The next step is to essentially loop through each character in the string one by one and then I define a character called currentCharacter, which I set as a local temp variable for each loop iteration.

The first step now is to essentially check if this currentCharacter is an open bracket or a closed bracket. If it’s an open bracket, we just push it to the stack. Why? Because at the end of our function, we will check to see if there is anything in the stack. If the stack is empty, we return true, if it’s not empty, we return false. The whole premise of this method is that we push when it’s an open character, and pop when it’s a matching closing character.

Alright so, if it’s not an open bracket, we then check to see if the size of the stack is 0. We do this because if the stack is empty and we are inside of the “IsClosedBracket” part of the if statement, then we essentially are adding a closed bracket because we have an open bracket, which would be an immediate failure case.

After this we essentially check if the top of the stack is equal to the opposite of our current closing bracket. This is essentially the main trick. Remember the map that was made earlier? This is why it was made. So essentially, because a stack is last in, first out, the top of the stack is essentially the last open bracket we pushed, and we are checking if the top of that stack is equal to the opposite of our current closing bracket.

The last part is that we return false. Why do we return false here? This is because if we are on a closing bracket, and the current top is not equal to the opposite of our closing bracket, then we are overlapping. This would not follow the rules, so we would return false.

Lastly, we just check if the current size is 0, which means we popped off all of the opening brackets, meaning there is no open bracket without a matching closing bracket. If it’s not zero, we just return false as to say that the string is not balanced.

If you want to read the entire rules of this algorithm, you can read it here on hackerrank: https://www.hackerrank.com/challenges/balanced-brackets/editorial

Breadth First Search

This is similar to what I was doing when I was researching DFS (Depth First Search), which you can see below here I posted a link to my other posting.

Alright so hopefully the DFS algorithm makes sense. It’s very simple once you got it.

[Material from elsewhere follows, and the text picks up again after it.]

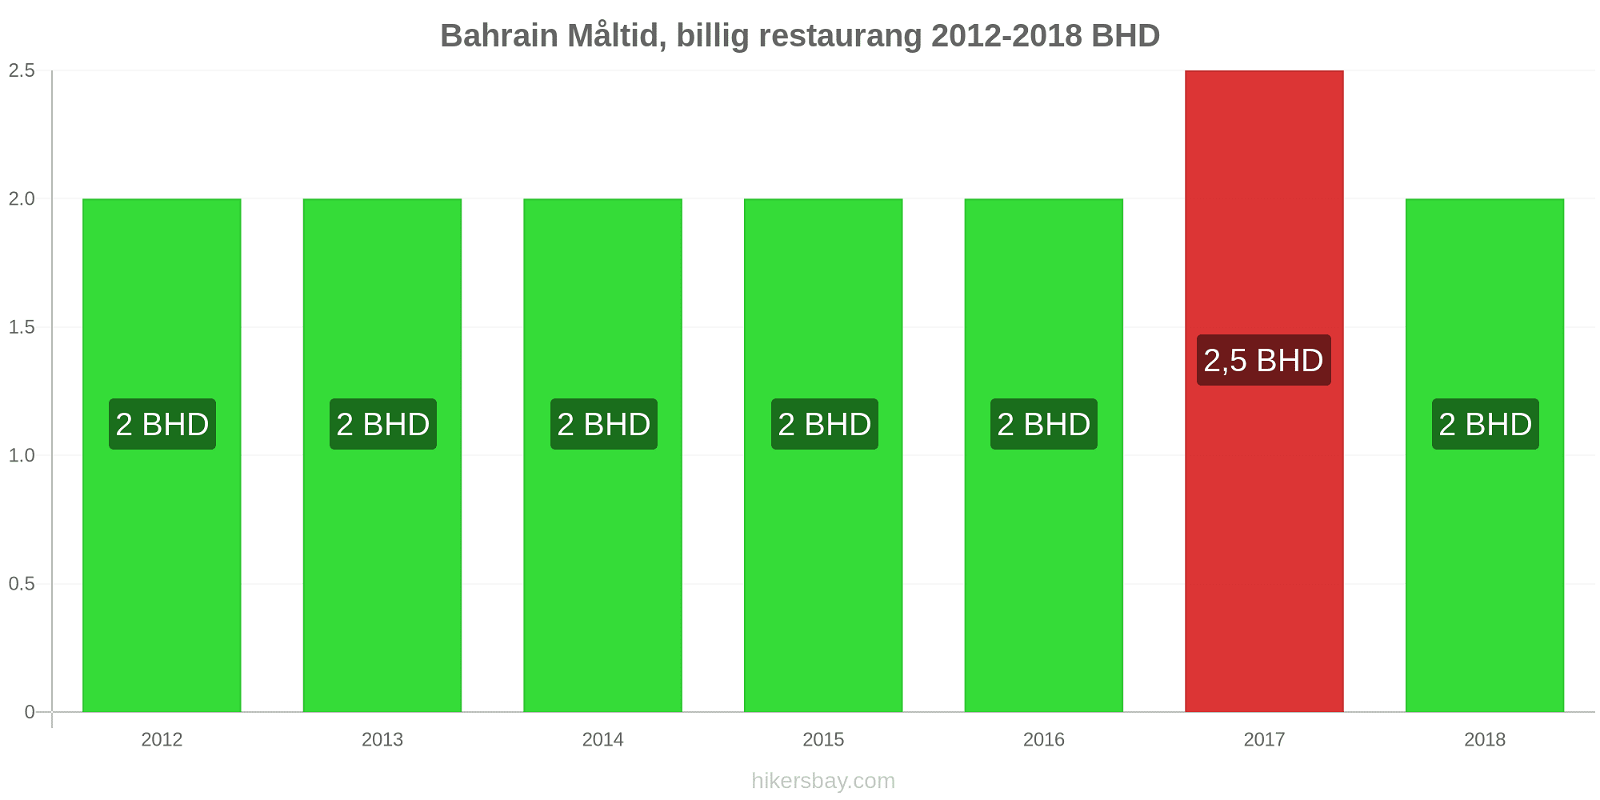 Bahrain prisändringar Måltid i en billig restaurang hikersbay.com

Once you got it, you got it!

Breadth First Search is a little bit trickier, but don’t worry. It’s still easy to learn. For BFS, it might be implemented like this:

vector<string> breadthFirstSearch(vector<string> *array) {
    queue<Node*> q;
		array->push_back(name);
		q.push(this);
		
		while (!q.empty())
		{
			Node* n = q.front();
			q.pop();
			
			for (int i = 0; i < n->children.size(); i++)
			{
				if (count(array->begin(), array->end(), n->children[i]->name) == 0)
				{
					array->push_back(n->children[i]->name);
					q.push(n->children[i]);
				}
			}
		}
			
    return *array;
  }

In the above sample, this method will essentially print out all of the children of a graph in breadth first search. That is, level by level. However, in a real situation, you would simply return the node when you find what you are looking for.